Weight loss surgery is effective than medication in controlling type 2 diabetes in obese people, a new research has found.
In the new study, a team of scientists from the King’s College London and the Catholic University of the Sacred Heart in Italy conducted a five-year research to find out the difference between the effects of conventional medical treatment and weight loss surgery in controlling type 2 diabetes in the long term.
In 2009, the researchers followed a group of diabetic patients from Italy aged 30-60 with a body-mass index (BMI) of 35 kg/m² or more. They randomly assigned 20 obese patients with type 2 diabetes to receive medical treatment, 20 to receive a type of weight-loss surgery called a gastric bypass, and another 20 to undergo a weight-loss operation called a biliopancreatic diversion.

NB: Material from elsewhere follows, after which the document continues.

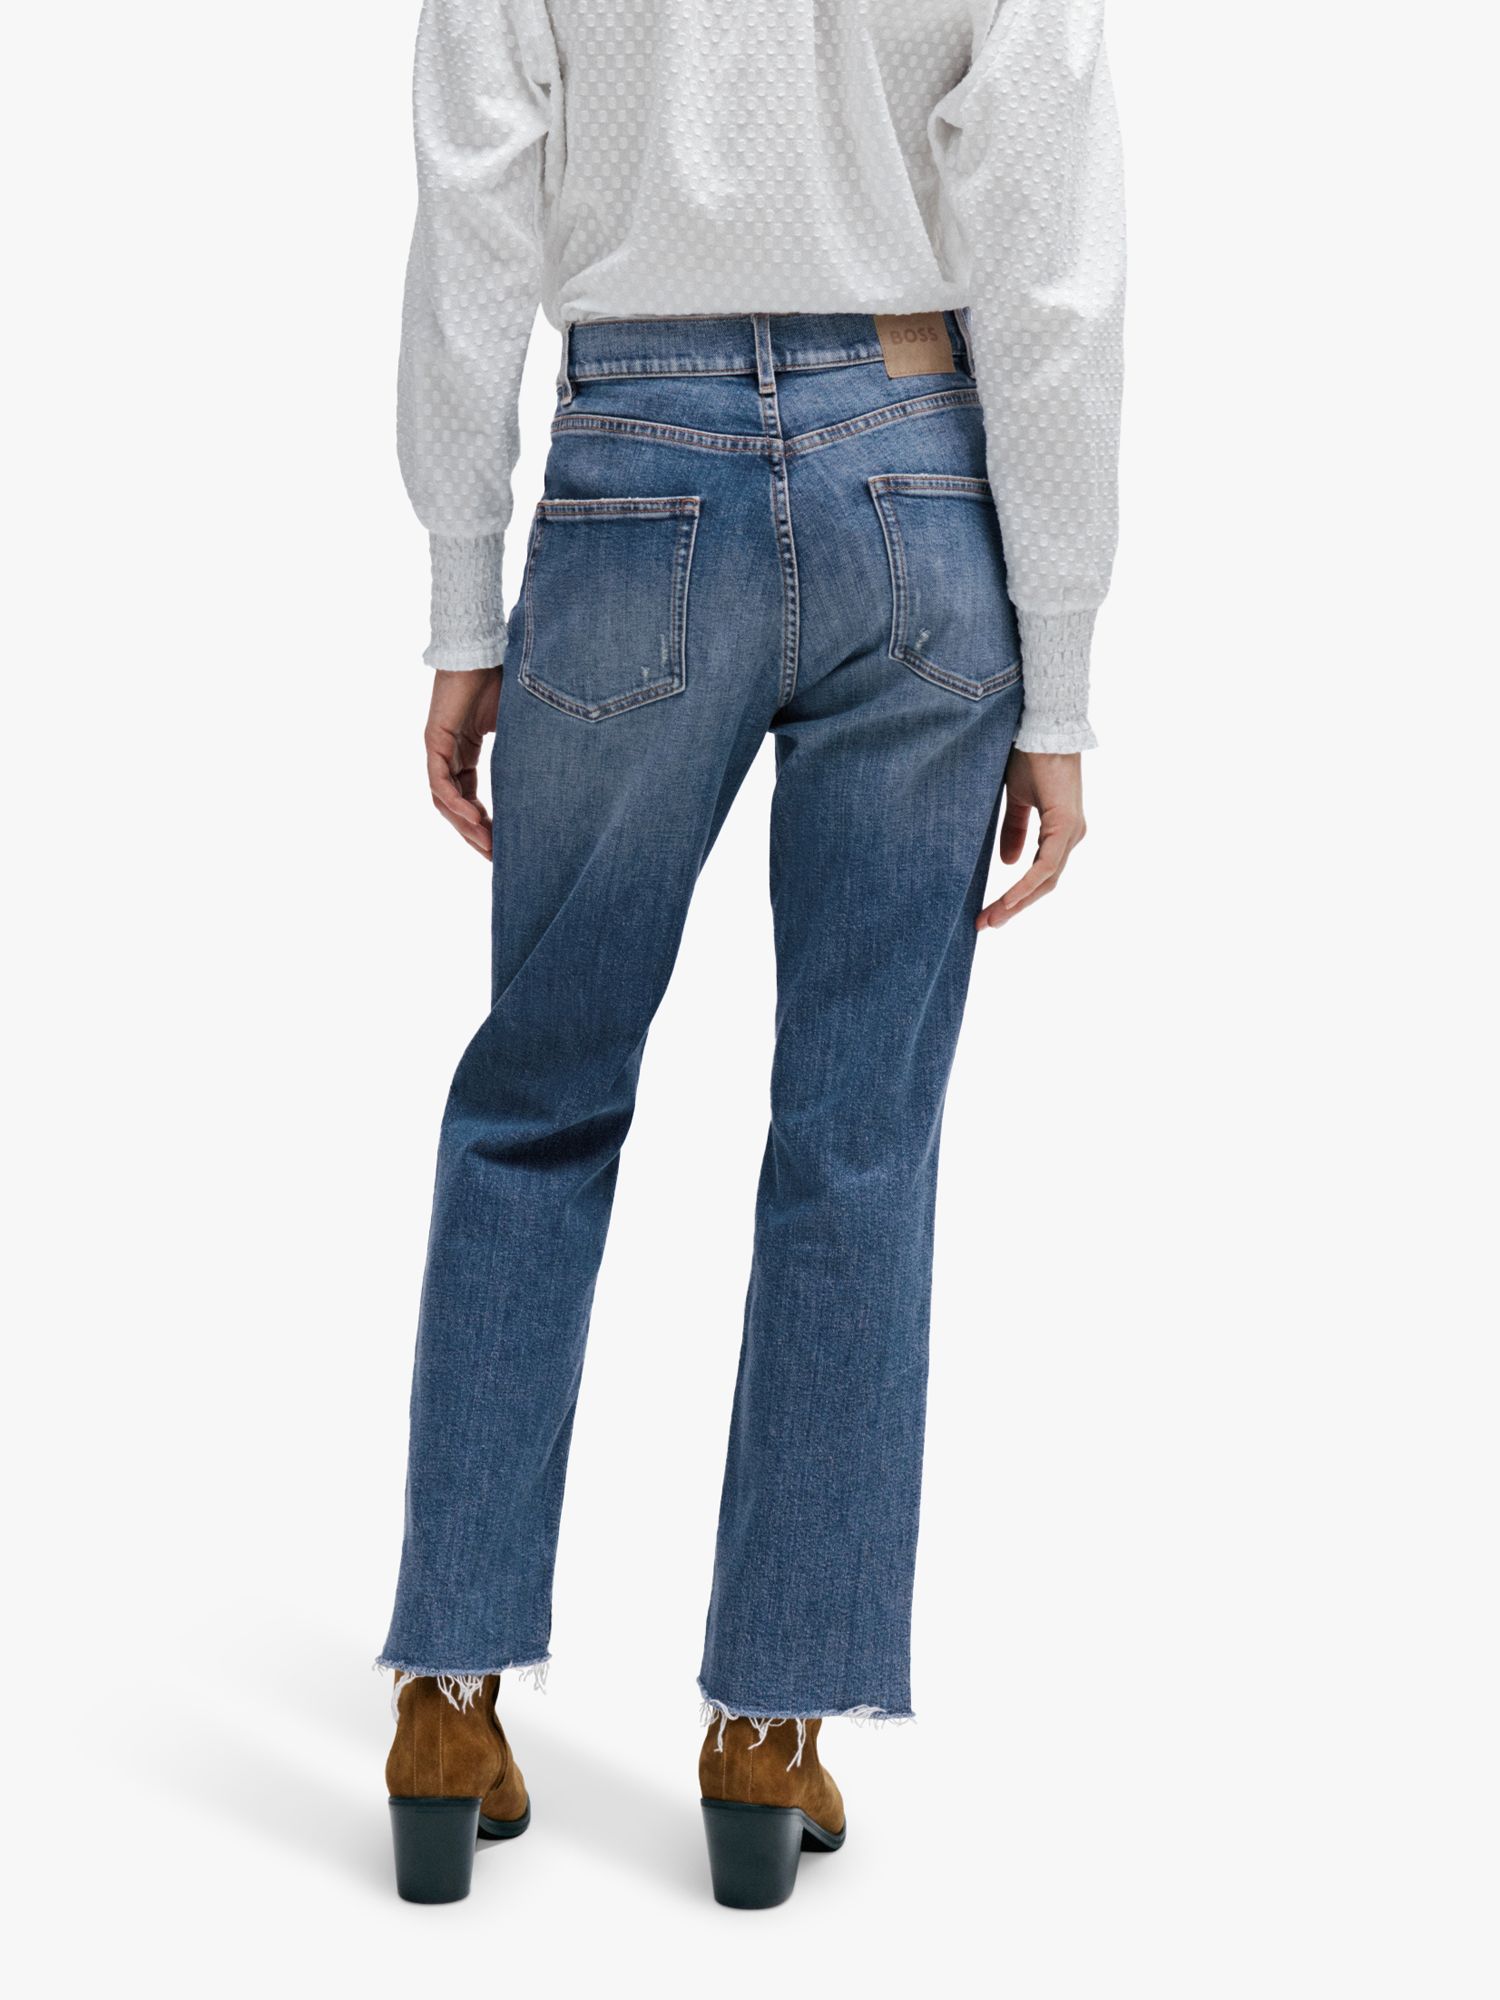 BOSS Cotton Blend Slim Jeans, Medium Blue at John Lewis & Partners

At the time of the five-year follow-up, researchers found that of the 60 patients enrolled on the trial, 53 completed the five-year follow-up which looked at the durability of diabetes remission, defined as achievement of a glycated haemaglobin A1c (HbA1c) concentration of 6.5 per cent or less without the need for drugs for at least one year. Eighty per cent of patients who had surgery had their blood sugar under good long-term control, versus about 25 per cent of patients treated with drugs only.
It was found that fifty per cent of the surgical patients maintained diabetes remission at five years, compared with none of the conventionally treated patients. Even regardless of the remission rates, surgical patients had a lower average level of blood glucose than medically treated ones. Surgery was also linked to better quality-of-life scores. There was no mortality and no major long-term complications after surgery.
“The ability of surgery to greatly reduce the need for insulin and other drugs suggests that surgical therapy is a cost-effective approach to treating type 2 diabetes,” said Professor Francesco Rubino, senior author of this study and Chair of Bariatric and Metabolic Surgery at King’s College London and a Consultant Surgeon at King’s College Hospital in London, UK, in a press release.
Rubino added that “Physicians should strongly consider surgery as an important option for long-term control of diabetes. In addition, insurance companies and third-party payers should consider reviewing the coverage of bariatric surgery in their standard insurance policy.”